Principal component analysis of quantitative traits
Five principal components with eigen values bigger than or close to 1 were selected. By comparing the eigen vectors of each principal component, it could be named as the HSW factor, GP factor, PL factor, PH factor and NSP factor. The first, third and fifth components were directly related to yield and more emphasis should be done in these traits while selecting high-yielding varieties. The fourth component represents plant development, which is indirectly related to yield should also be considered during selection. The second component represents the period of growth and can be utilized according to the specific situation.
Combining the results of the correlation studies and grey relational analysis, it can be concluded that the yield of mung beans is mainly determined by the pod-bearing capacity and growth status of the plant, The results of the principal component analysis also support this conclusion. This conclusion is consistent with the research findings of
Hou et al., (2015) and
Yang et al., (2015).
Cluster analysis and evaluation
Based on all the 46 traits with different performance (12 quantitative traits + 34 quality traits) of mung bean resources, this study adopted a standardized data transformation-Euclidean distance-deviation square sum method to conduct cluster analysis and all the accessions were divided into seven groups at Euclidean distance = 27.59 (Fig 2).

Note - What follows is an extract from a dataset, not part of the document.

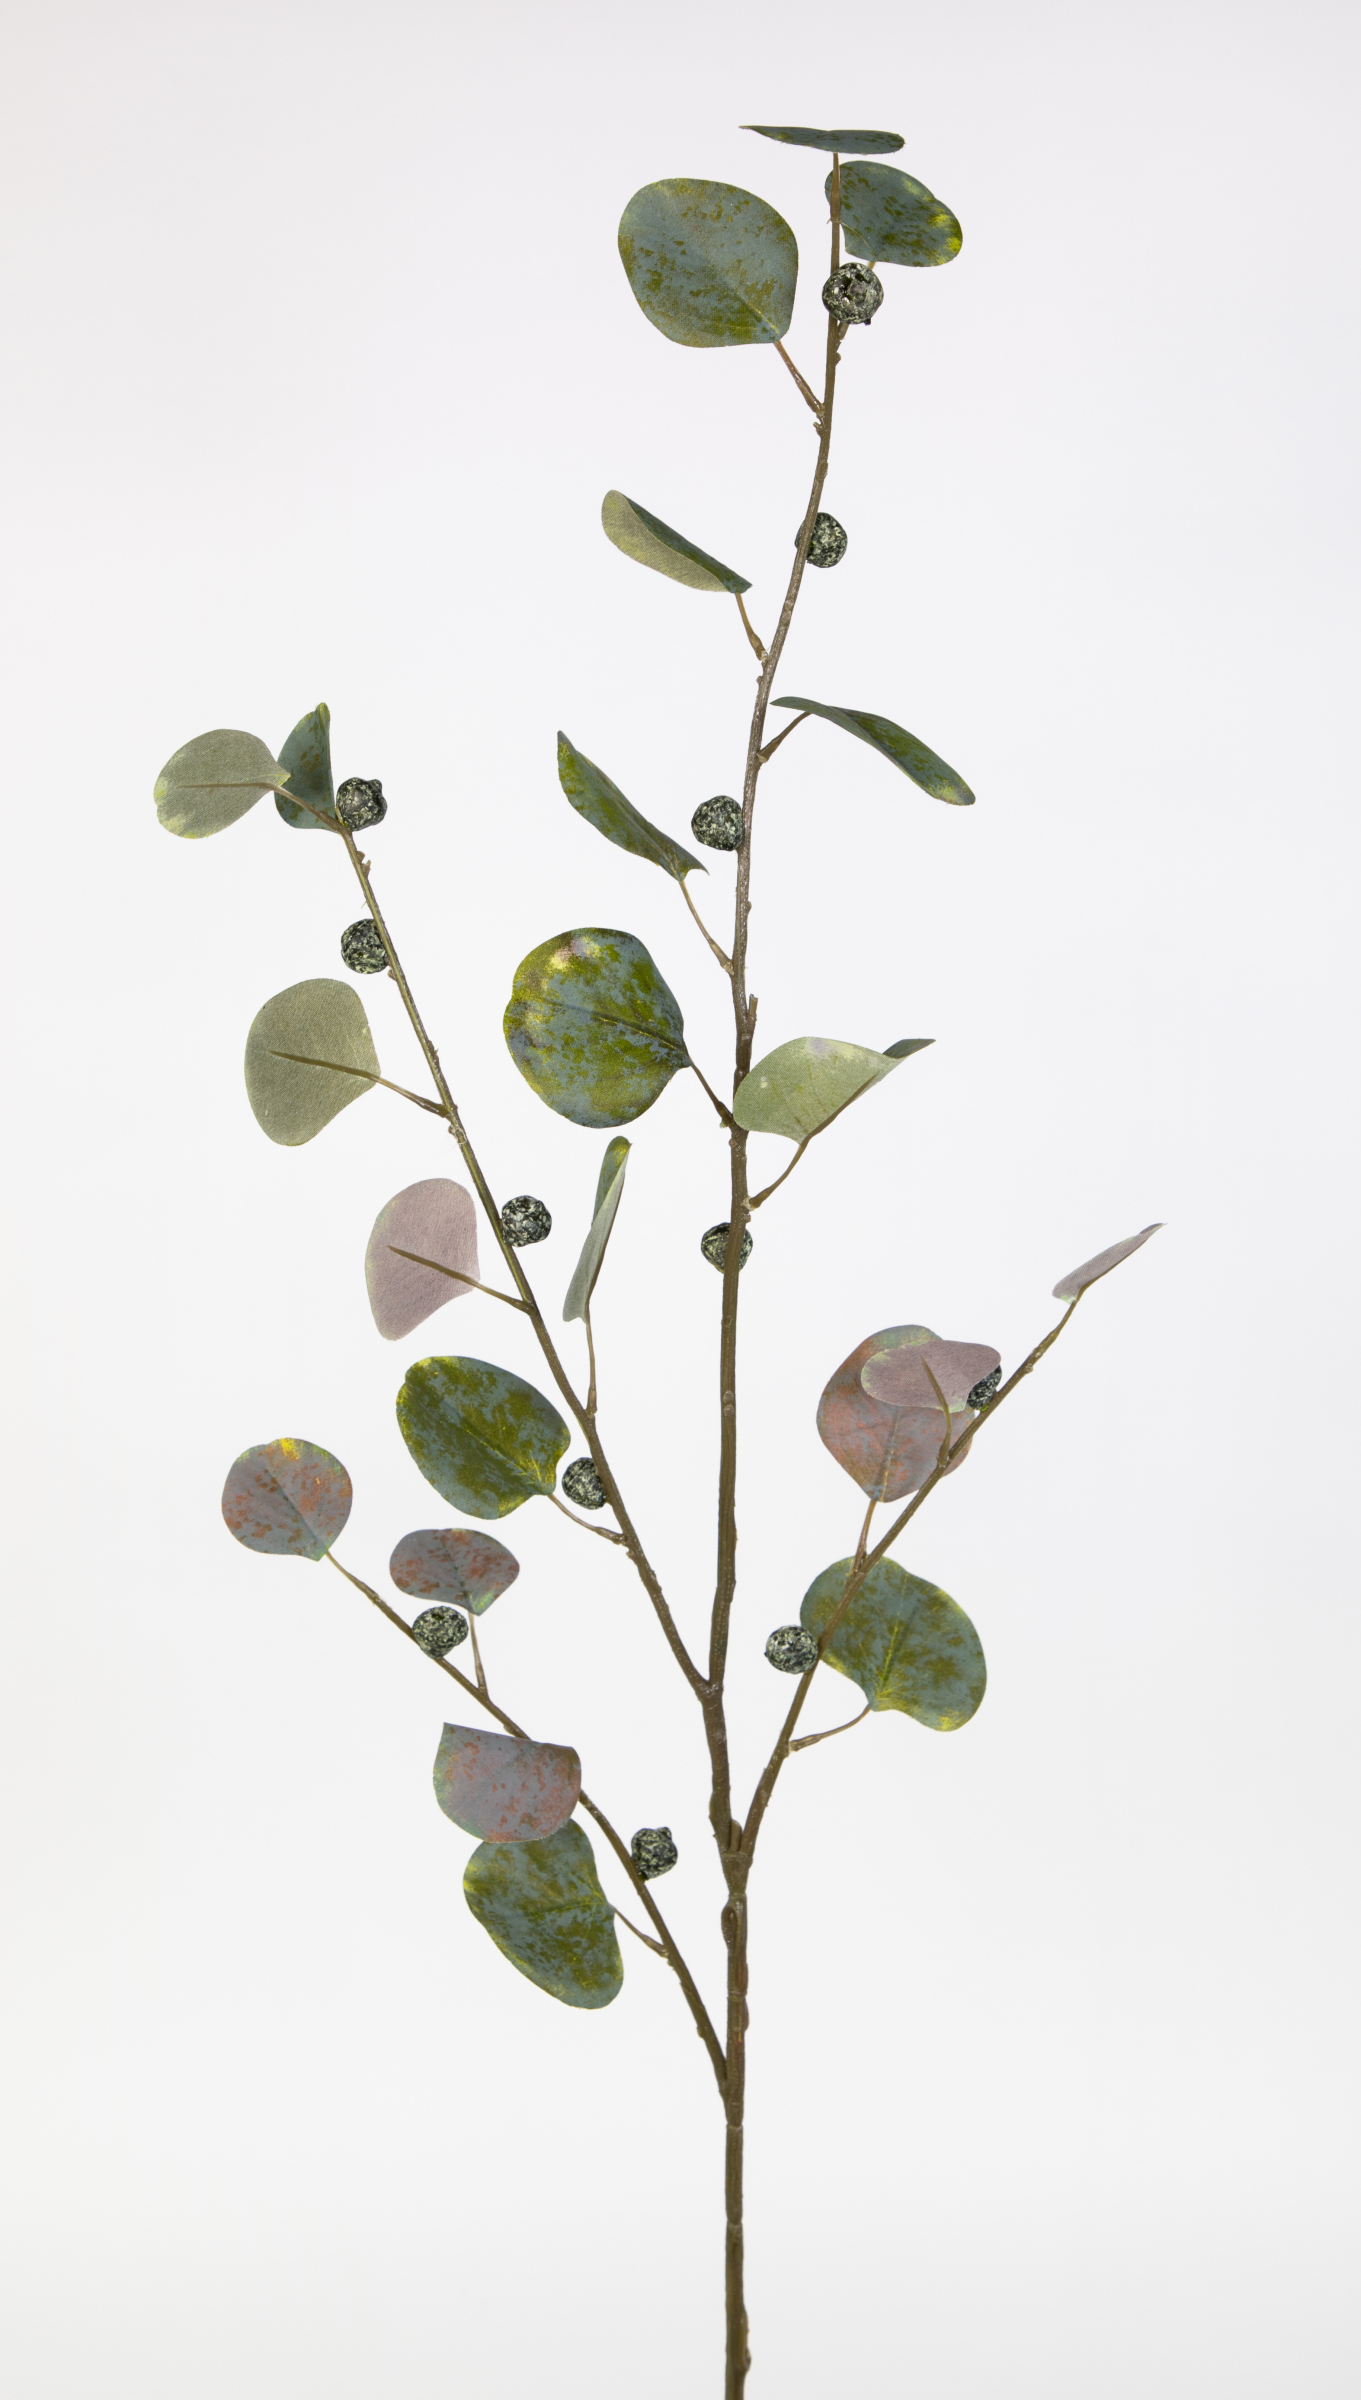 Eukalyptuszweig mit Früchten 110cm Zweige künstliche JA Kunstzweig künstlicher grün Eukalyptus

The first group consists of 36 samples, which were later-maturing, dwarf and low-yield. The second group consists of 49 samples, which recorded big-pod and big-seed size and strong-stem. The third group represented 11 accessions which were late-maturing, multi-nodule and small-seeded. The fourth group contained nine samples, which were dwarf, big-podded and low-yielding types. The fifth group contains 47 samples, which were late-maturing and with small-pods, small-seeds. The sixth group contains four samples, which were early-maturing accessions with big-grain and high-yield. Finally, the seventh group comprised 14 samples, with big-leaf, big-grain and high-yield.

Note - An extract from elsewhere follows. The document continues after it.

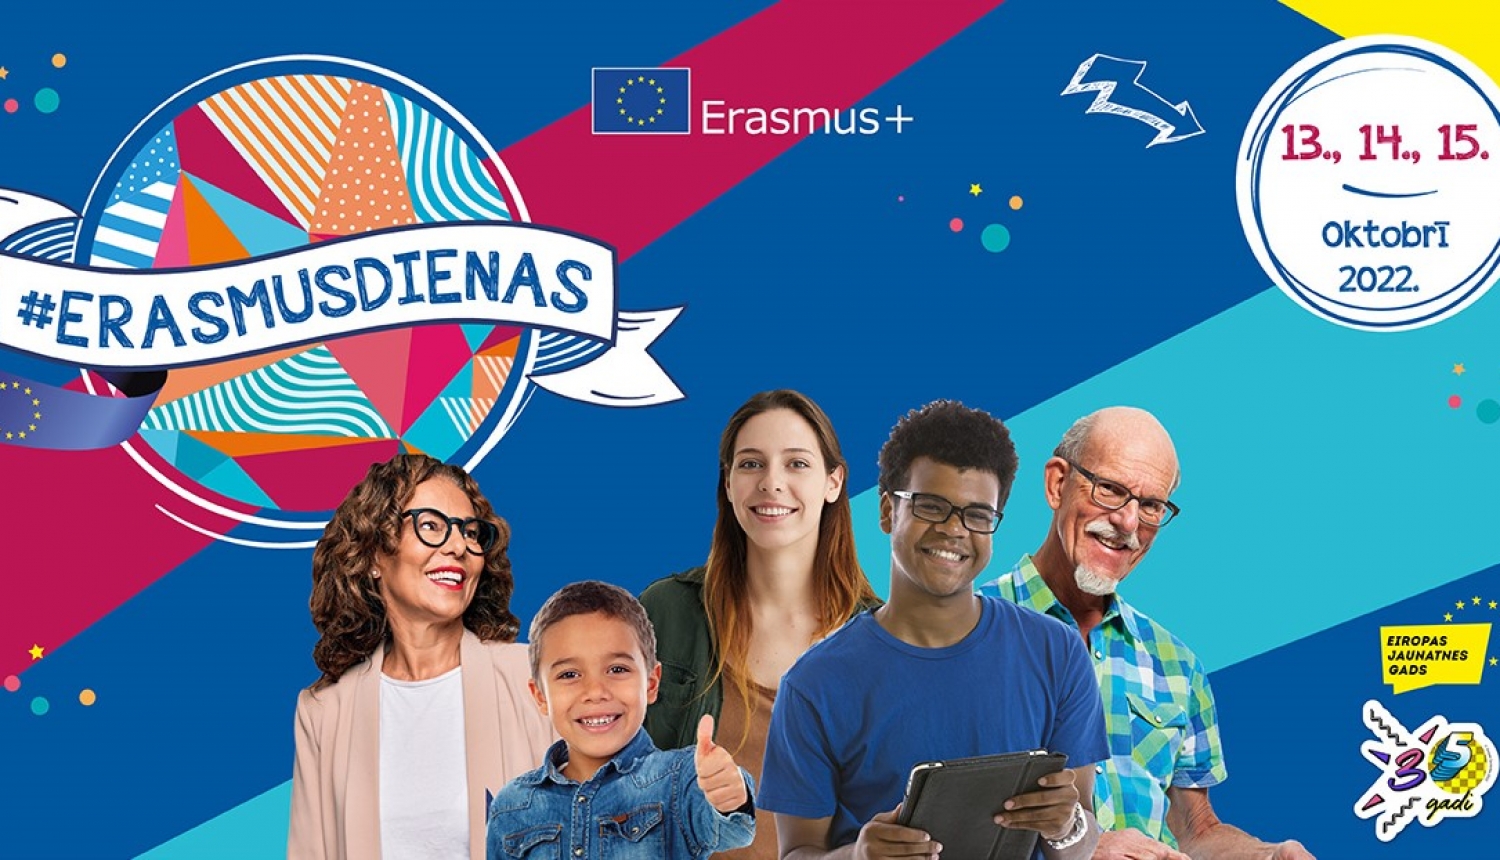 “Erasmus dienas 2022”

All groups showed two kinds of compound leaves,
i.e. triangular and oval shapes with relatively uniform distribution and two kinds of seed skin characteristics namely bright and grey and mainly bright. The other traits exhibited differences among different groups. Group II showed the main characteristics of resources in this region. Groups III and VI exhibited more uncommon characteristics. The traits of group V showed abundant characteristics. Group VII is a special group, with certain traits performance in contrary to other groups.

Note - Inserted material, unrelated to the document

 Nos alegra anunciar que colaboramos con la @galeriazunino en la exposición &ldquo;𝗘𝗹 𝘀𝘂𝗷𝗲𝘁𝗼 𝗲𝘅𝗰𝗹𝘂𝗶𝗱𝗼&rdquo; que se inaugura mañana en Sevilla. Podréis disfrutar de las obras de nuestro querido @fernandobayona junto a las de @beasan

K-mean clustering analysis
The theoretical distribution intervals and central values of the 12 quantitative traits were set for the experimental material. The traits of germplasm studied in this experiment were mainly concentrated near the central value, which was also the main characteristic of mung bean germplasm resources in Liaoning Province. Based on the results, No. 130 resource was outstanding for yield and its yield potential is good. No. 149 resources combined high yield and earliness in maturity. Simultaneously, four large-grain resources, 15 early-maturing resources and multi-pods resources, high-stems resources, lobules resources, as well as other resources with outstanding usable characteristics were screened out, which could be referenced in breeding (Table 1).